Выбрать главу

Тимофей пожал плечами:

— Не вижу противоречий. То, что я не следил за судьбой Габриэлы, не означает, что она не интересовалась моей. Габриэла всегда была любопытной. И, видимо, знала, чем я занимаюсь.

— Все равно ерунда какая-то. Ты — в России, она — в Германии. Неужели ей проще вызвать тебя — с которым не виделась четырнадцать лет, — чем нанять детектива по месту жительства?

— Проще обратиться в мюнхенское сыскное агентство, — кивнул Тимофей, — безусловно.

— Но Габриэла, тем не менее, обратилась к тебе.

— Не ко мне, а к моей маме. Они, как я понял, время от времени общались.

— Ну о’кей, попросила маму вызвать тебя — неважно. Почему она так поступила? Настолько не доверяет местным службам?

— Скорее, доверяет мне.

— О. — Вероника подняла на Тимофея делано-восхищенный взгляд, поаплодировала. — Поздравляю! Твои расследования выглядят так впечатляюще…

— Думаю, новые расследования тут ни при чем.

— Новые? — удивилась Вероника.

— Скорее, Габриэла помнит о старом расследовании.

— То есть ты и раньше занимался расследованиями? А почему мне не говорил?

— Я не занимался расследованияМИ. — Тимофей выделил голосом последний слог. — Это был единственный случай.

— Но… — Вероника растерялась окончательно. — Если об этом расследовании помнит Габриэла, то…

— Да. Четырнадцать лет назад. Мы с ней оба были детьми. Габриэла мне помогала.

Вероника фыркнула:

— И что же вы такое расследовали, интересно? Пропажу шоколадки из школьного рюкзака?

— Почти. Меня обвиняли в убийстве.

— Что?! — Вероника вытаращила глаза.

— Напитки, пожалуйста? — В проходе рядом с ними остановилась бортпроводница, толкающая перед собой тележку.

Тимофей отрицательно мотнул головой и отвернулся к окну.

После того как Вероника приняла из рук девушки стаканчик с соком и дождалась, пока та покатит тележку дальше, она попробовала снова обратиться к Тимофею. Но он уже сидел в наушниках с закрытыми глазами.

Вероника вздохнула. Она слишком хорошо знала, что это означает.

Если Тиша закрыл глаза, трогать его бесполезно. Он вернется в окружающую действительность не раньше, чем захочет этого сам.

2

ЧЕТЫРНАДЦАТЬ ЛЕТ НАЗАД

Рюкзак…

Странно — из памяти давно стерлись имена и лица учителей и одноклассников. Он не помнит, где находилась школа; если окажется в этом районе снова, найти ее самостоятельно не сумеет. Но рюкзак, свой школьный рюкзак, тот, с которым приехал из России, помнит до сих пор.

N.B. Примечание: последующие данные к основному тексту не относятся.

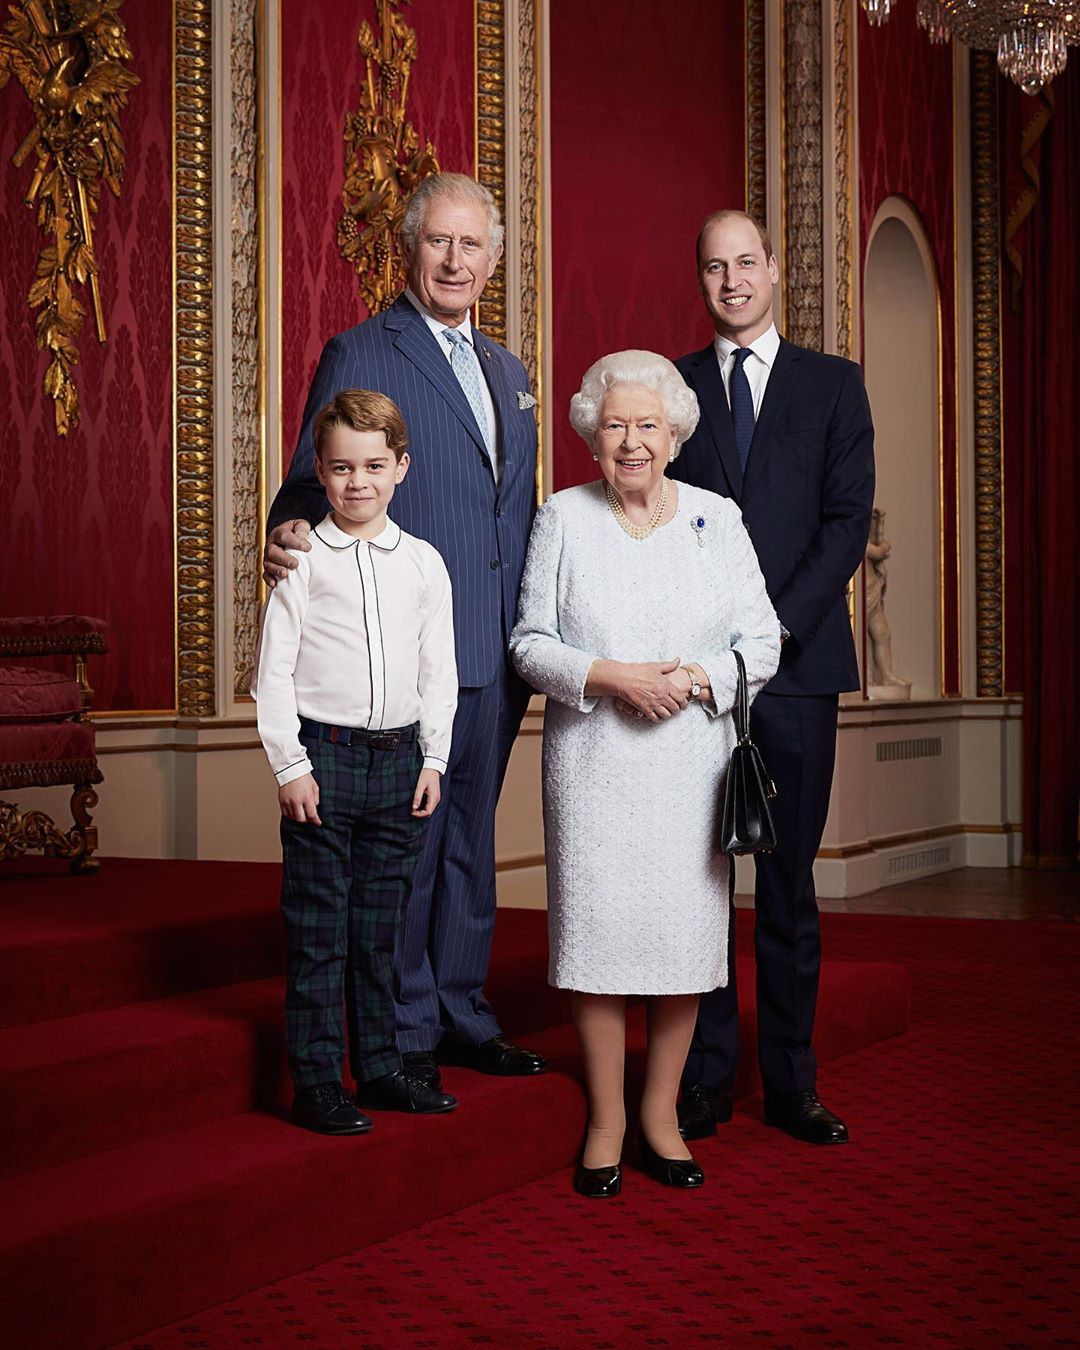 Это объявление войны: &quot;уход&quot; Маркл и принца Гарри шокировал королевскую семью

Рюкзак ему купила бабушка, еще в начальной школе. Это был подарок на первое сентября. Темно-синий, с дурацкой картинкой из мультика, изображающей машинку с человеческими глазами. Стандартная логика родителей и бабушек: мальчик должен любить машинки.

Тимофей не любил машинки и мультики про них не смотрел. Он вообще не смотрел мультиков.

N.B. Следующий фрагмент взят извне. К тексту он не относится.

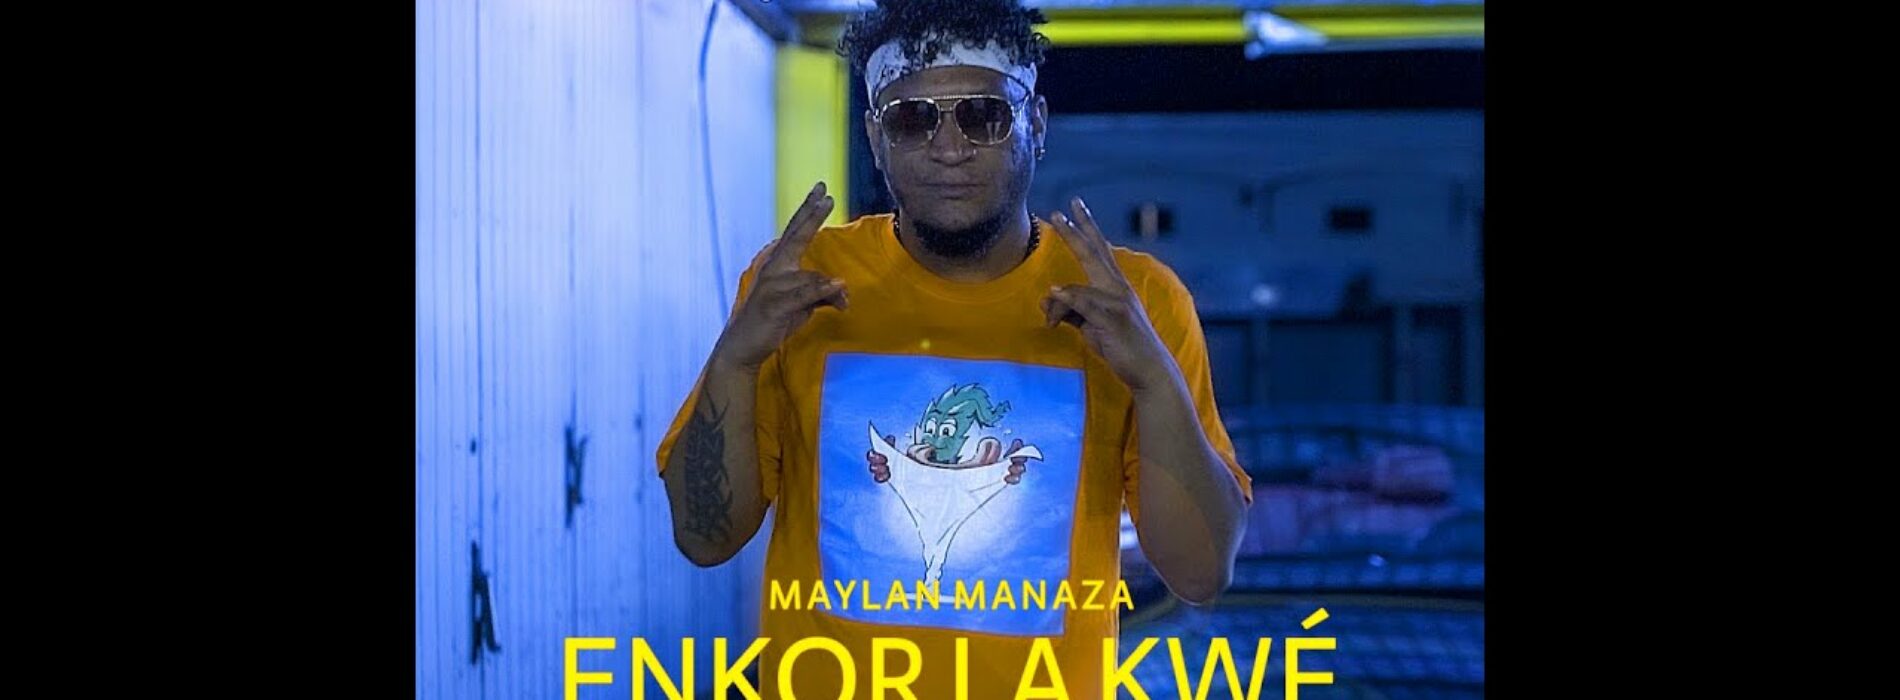 Maylan Manaza feat DJ Kayron #ENKORLAKWÉ  – Janvier 2021

Самым приятным в рюкзаке оказалось то, что картинка с него быстро стерлась. Через полгода от нее остался только смазанный силуэт. Когда родители объявили, что они уезжают жить в Германию, рюкзак Тимофей взял с собой. Сложил туда самое необходимое: свой дневник — он тогда вел бумажный дневник, — нужные книги, папку, в которой собирал вырезки из журналов. Он и в школу пошел с этим рюкзаком — хотя мама притащила откуда-то новый, бесплатный, выданный социальной службой.

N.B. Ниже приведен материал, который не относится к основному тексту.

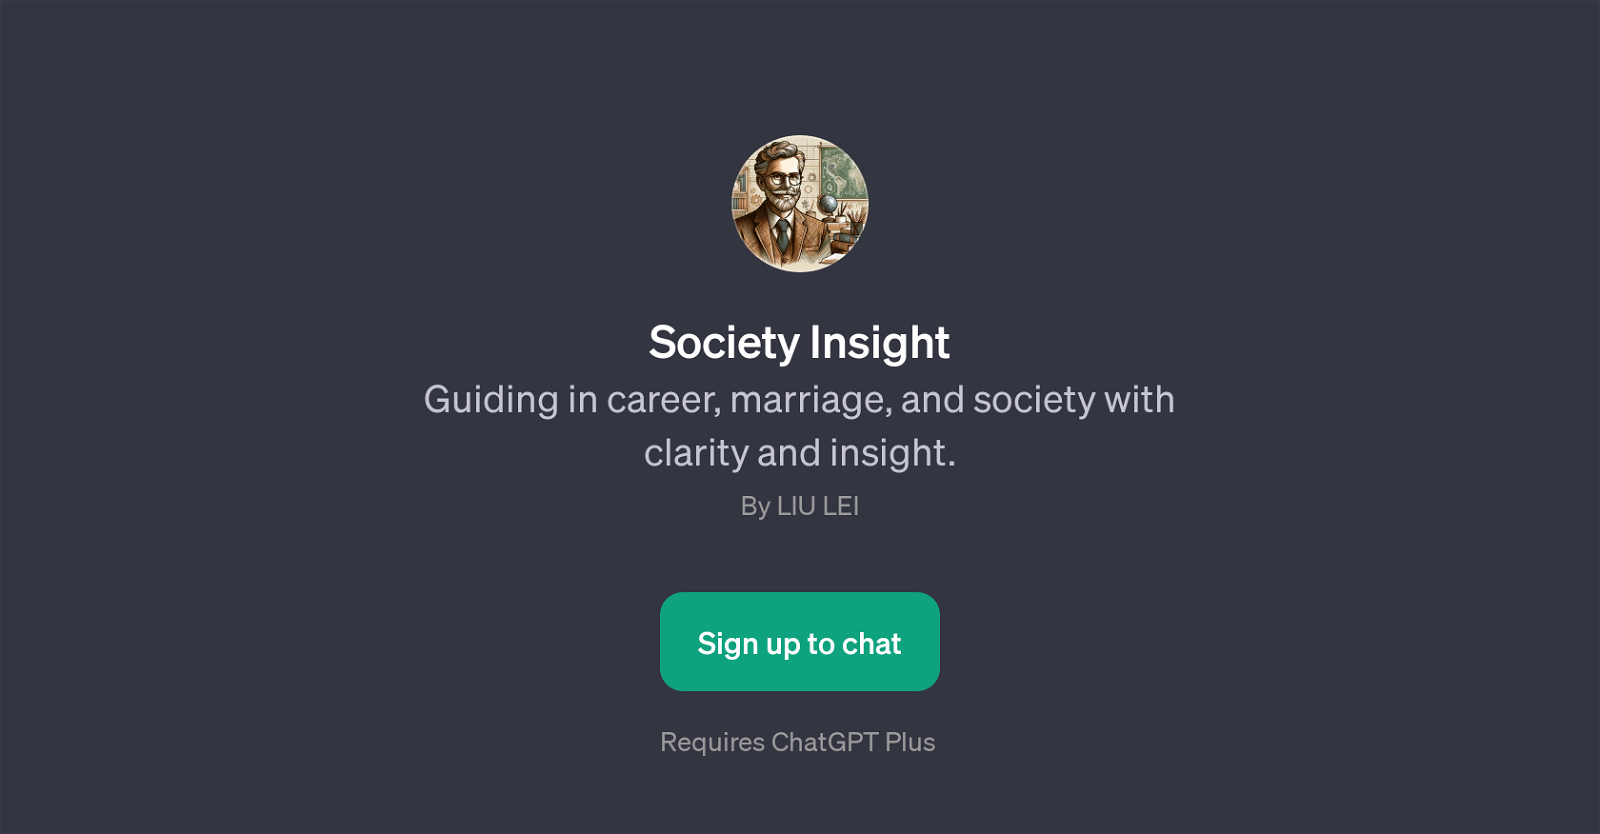 Society Insight website

К рюкзаку те придурки и докопались. Если бы не было рюкзака, они, конечно, нашли бы другой повод. Но рюкзак — был. И другой повод искать не пришлось.

Тимофей тогда плохо знал язык. Два месяца занятий, организованных службой адаптации эмигрантов, — срок явно недостаточный для того, чтобы начать свободно говорить. Но свободное владение языком в данном случае и не требовалось.

— Что это за (…)?!

— В какой (…) он это нашел?!

— Надо выбить из него (…)!

Рюкзак Тимофея пацаны-одноклассники перекидывали друг другу. Это было непривычно: в старой школе, в России, его не трогали. В старую школу он перешел из детского сада, попал в один класс с несколькими ребятами, которые хорошо его знали. Не трогали странного одноклассника сами и, вероятно, сумели донести до других, что этого делать не стоит. В новой школе его не знали.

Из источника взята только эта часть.